### [About this exercise]
All lines below between the line with "Chemical Structure - Glipizide, Sulfonylurea" and the line with "eurocol betondesign we", including both, must be copied exactly, and the pictures must be omitted.

### [Extracted material]
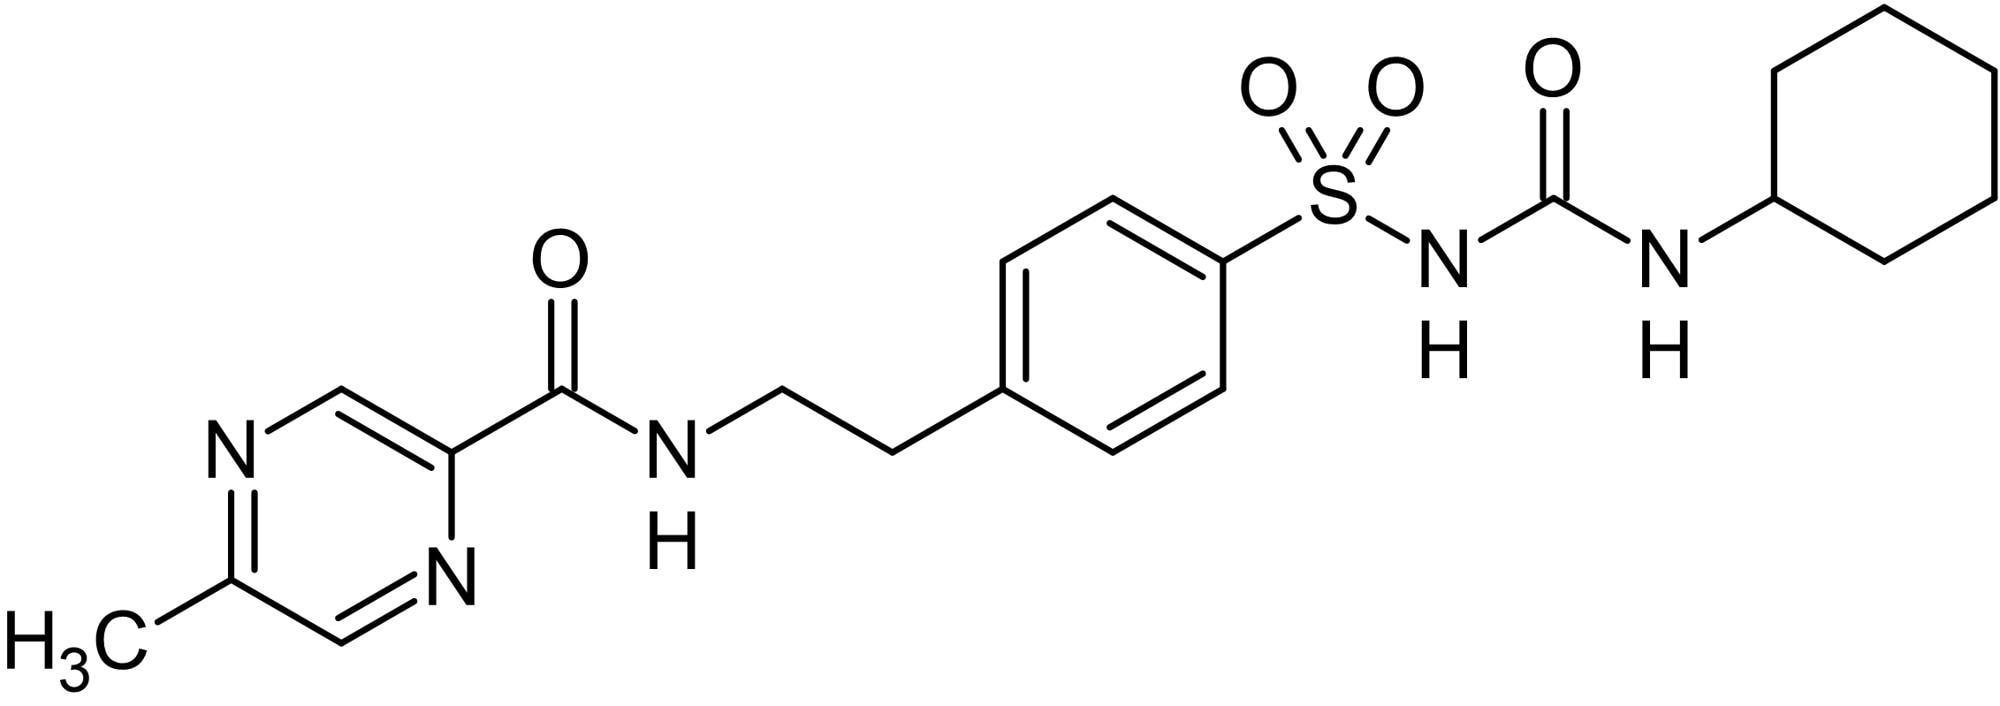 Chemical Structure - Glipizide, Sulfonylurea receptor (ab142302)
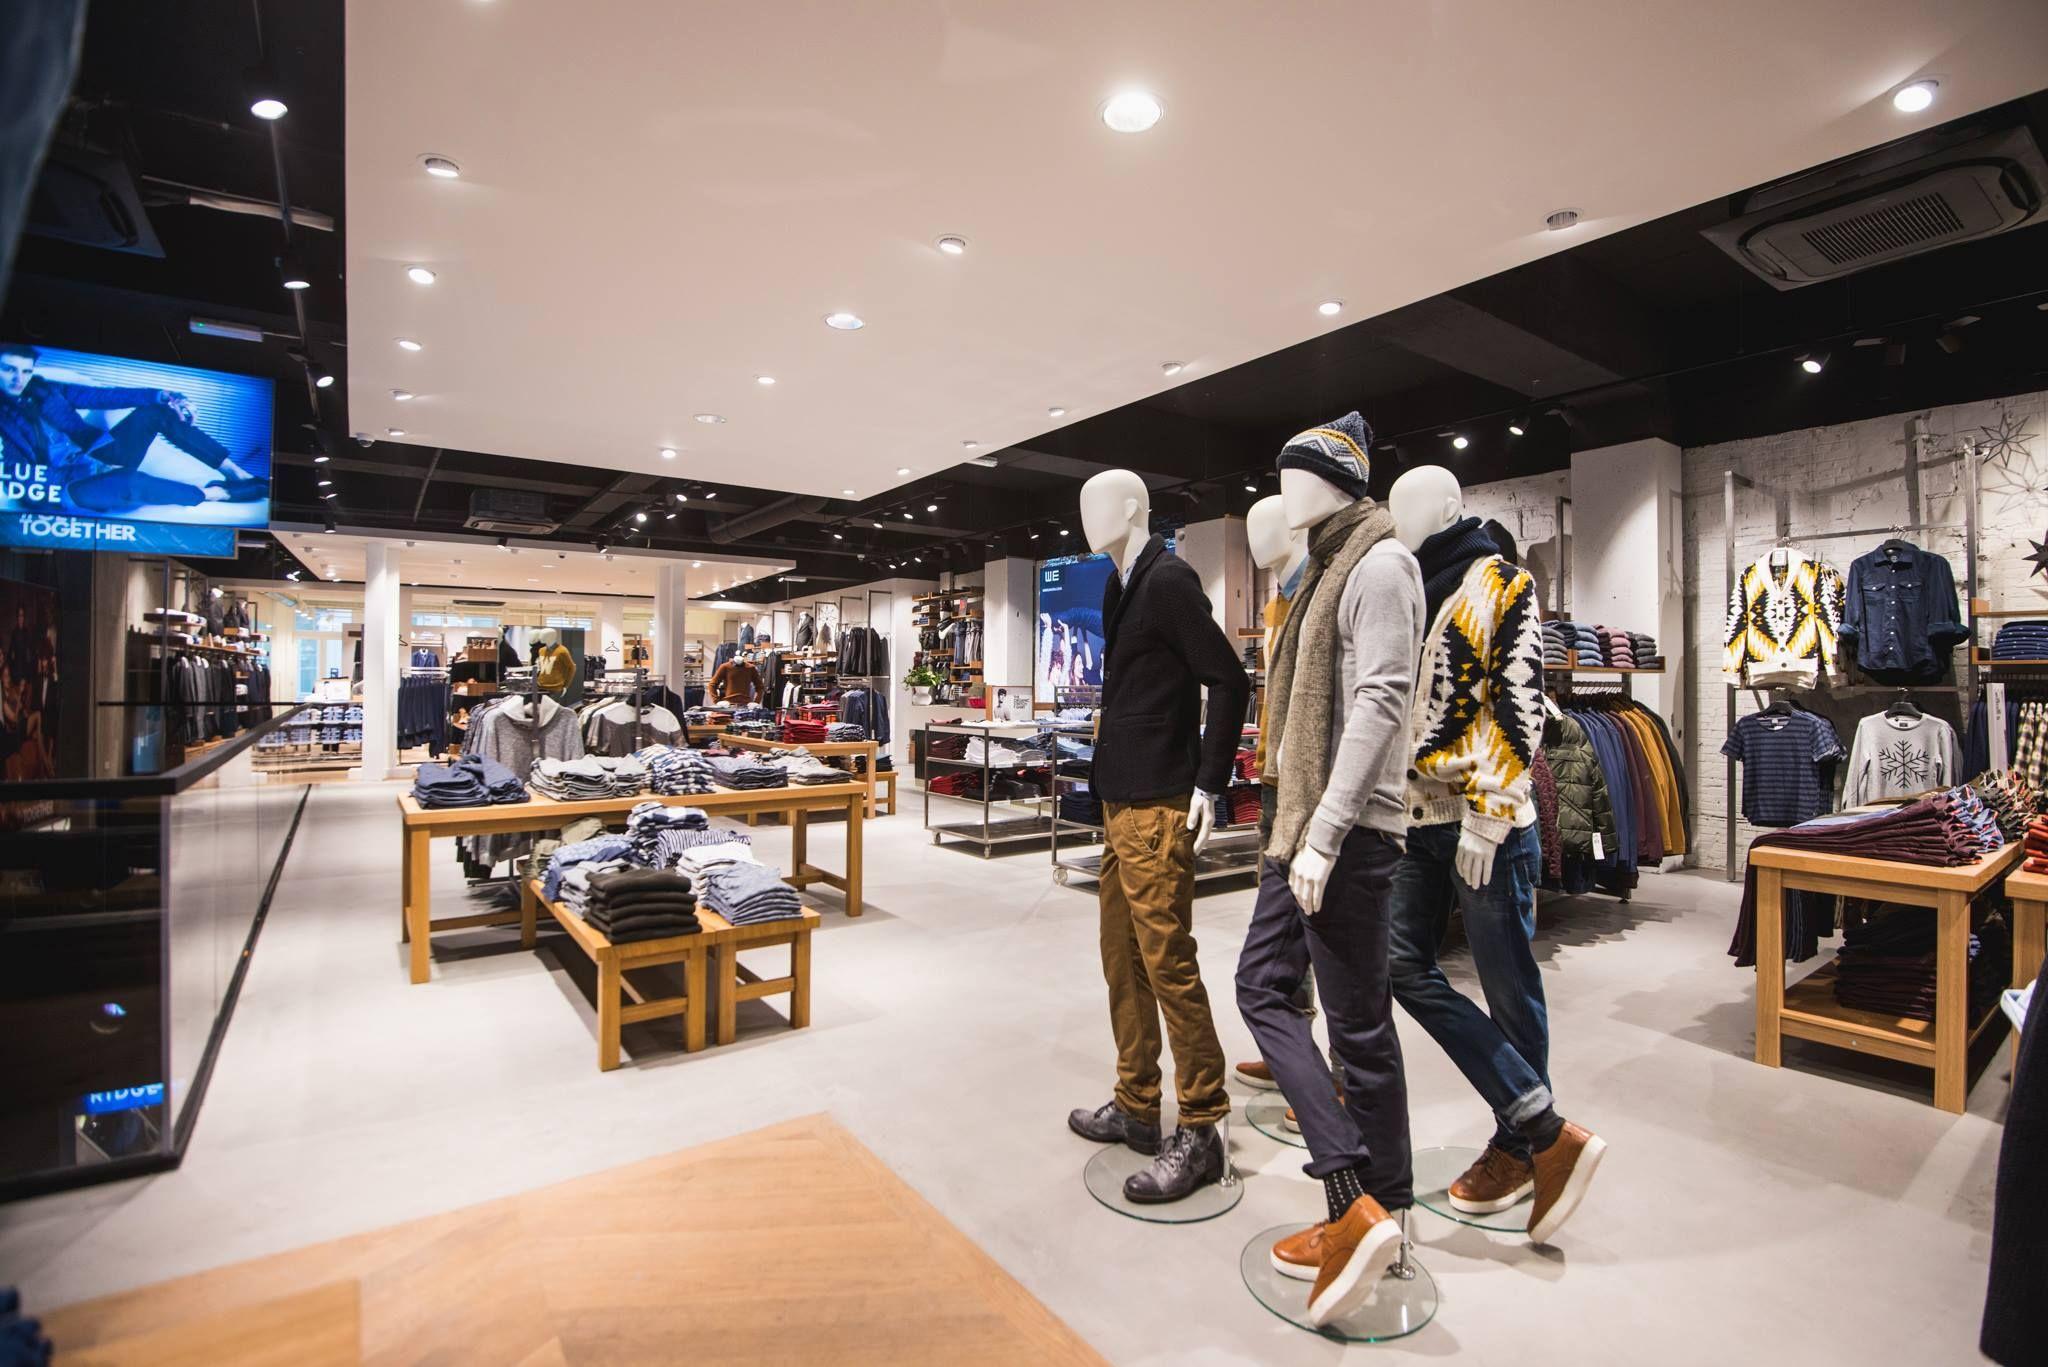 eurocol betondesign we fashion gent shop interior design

...

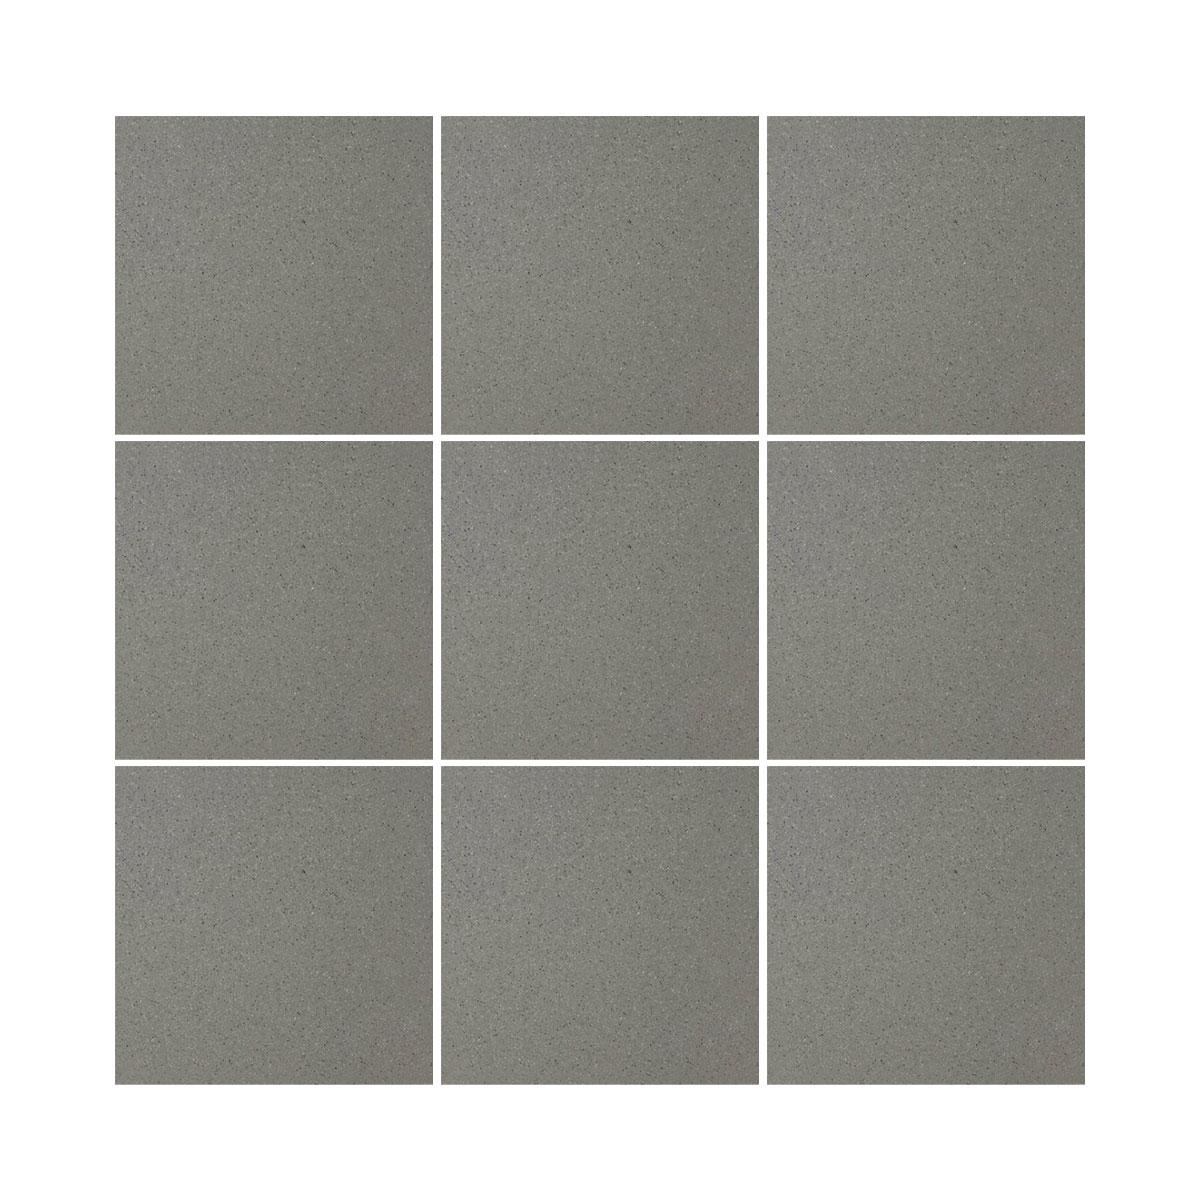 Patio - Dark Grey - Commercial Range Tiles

--

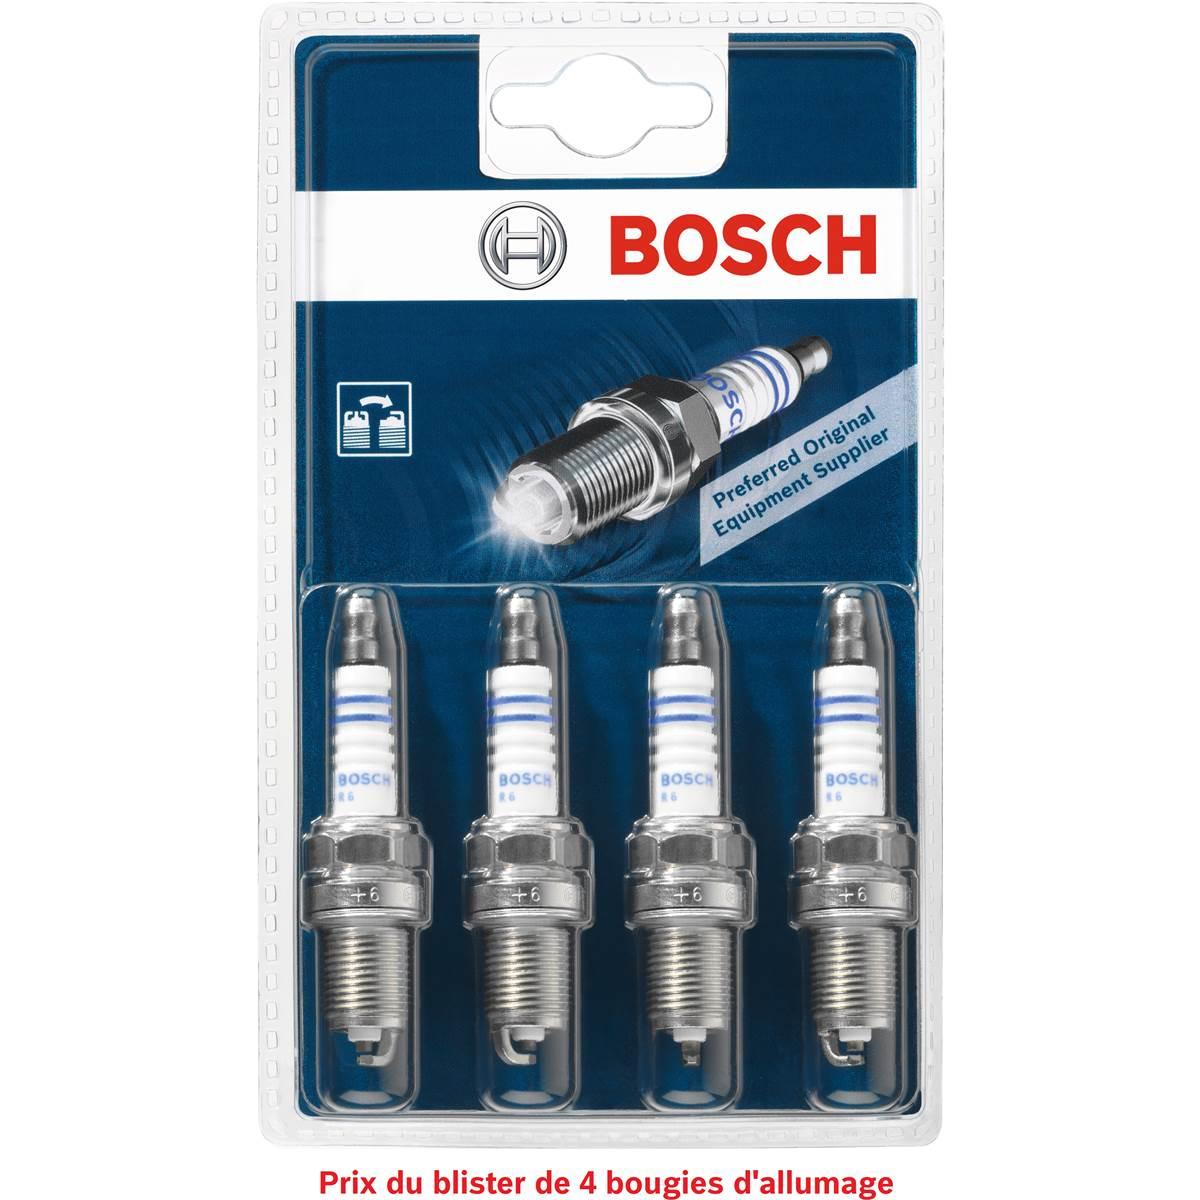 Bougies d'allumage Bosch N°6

### [Answer to this problem]
 Chemical Structure - Glipizide, Sulfonylurea receptor (ab142302)
 eurocol betondesign we fashion gent shop interior design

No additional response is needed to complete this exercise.